Spiculisporic acid D (3): (4S,5S)-4-(5-Carboxyldodecyl)-1-oxo-tetrahydrofuran-4-carboxylic acid. Pale white solid; [α]³⁰_D = −11.8 (c = 0.028, EtOH); UV (MeOH) λ_max (log ε): 212 (3.22) nm; IR (KBr) ν_max: 2918, 2860, 1721, 1657, 1423, 1268, 1175, 944 cm⁻¹; ¹H and ¹³C-NMR spectral data are listed in Table 1 and Table 2; HR-ESI-MS: m/z 365.1940 [M+Na]⁺ (calculated for C₁₈H₃₀O₆Na, 365.1935).

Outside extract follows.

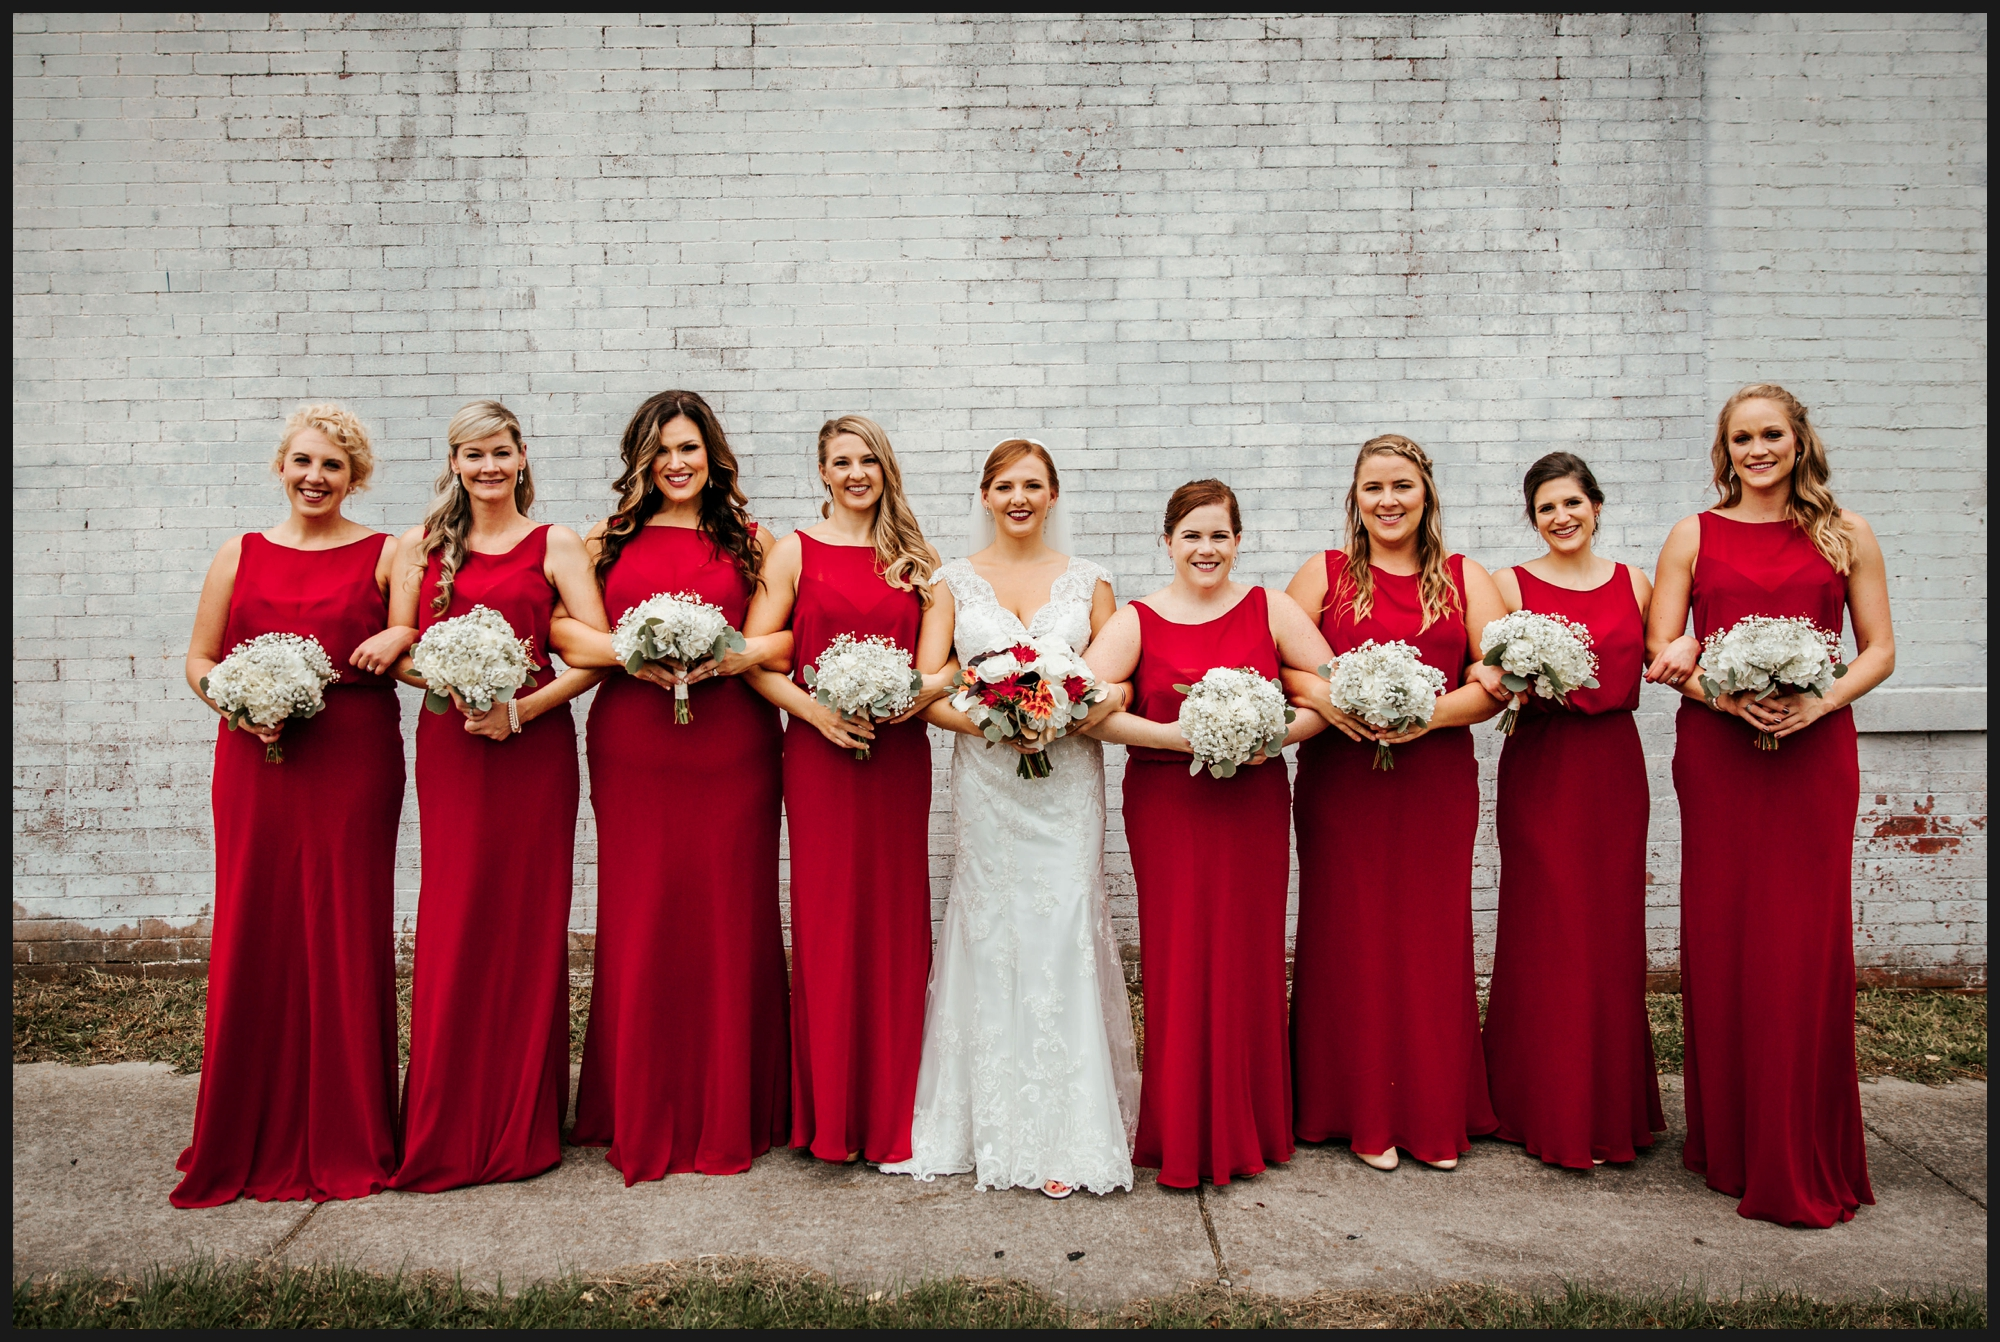 Orlando-Wedding-Photographer-destination-wedding-photographer-florida-wedding-photographer-bohemian-wedding-photographer_0613.jpg

3.4. In Vitro Cytotoxicity Test

The cytotoxic activities for compounds 1–3 were tested in vitro against two cell lines, SGC-7901 (human gastric adenocarcinoma) and SPC-A-1 (human lung adenocarcinoma), which were purchased from the Jiangsu Provincial Center for Disease Prevention and Control. The purity of the tested compounds and doxorubicin·HCl was determined to be over 95% by using the HPLC-DAD method. The cytotoxic in vitro effects on these tested cell were assessed by the IC₅₀ values, and determined by the MTT [3-(4,5-dimethylthiazol-2-yl)-2,5-diphenyltetrazolium bromide] colometric method [8]. Each set of test was conducted three times to confirm reproducibility of the results. The compounds were dissolved in DMSO (dimethyl sulfoxide). Doxorubicin·HCl was used as a positive control, and the medium without test compound as a negative control in the bioassay.

3.5. Antibacterial Test

Compounds 1–3 were tested for in vitro antimicrobial activity against Staphylococcus aureus ATCC51650 by the filter paper disc agar diffusion method. The NA medium was mixed with 2 mL of suspension containing 1 × 10⁵ ~ 1 × 10⁷ cfu/mL of Staphylococcus aureus, and then poured into petri-plates. 2 μL 20 mg/mL of the isolated compounds dissolved in DMSO were impregnated on sterile filter paper discs (6 mm diameter) and then were applied on the surface of the solidified agar plates. Every sample was tested in triplicate. Streptomycin sulfate (2 μL, 20 mg/mL) was used as positive control. The test plates were incubated at 37 °C for 24 h. Then the diameters of the inhibition zones including the 6 mm disc diameter were measured.

4. Conclusions

In our screening for new secondary metabolites from marine-derived fungi associated with marine animals from the coast of Hainan Island, three new secondary metabolites 1–3, named spiculisporic acids B–D were isolated from a sea urchin (Anthocidaris crassispina)-associated fungus Aspergillus sp. HDf2 for the first time and characterized. Their structures were elucidated by NMR spectroscopic methods, and the absolute configurations were determined by comparing the chemical shifts of their chiral carbons with those of related known analogues. The compounds displayed no cytotoxic activity against human gastric adenocarcinoma cell line SGC-7901 and human lung adenocarcinoma cell line SPC-A-1 with IC₅₀ > 50 μg/mL. Compounds 1–3 showed weak antibacterial activities against Staphylococcus aureus ATCC 51650 at 20 mg/mL. Further research into their new activities is in progress.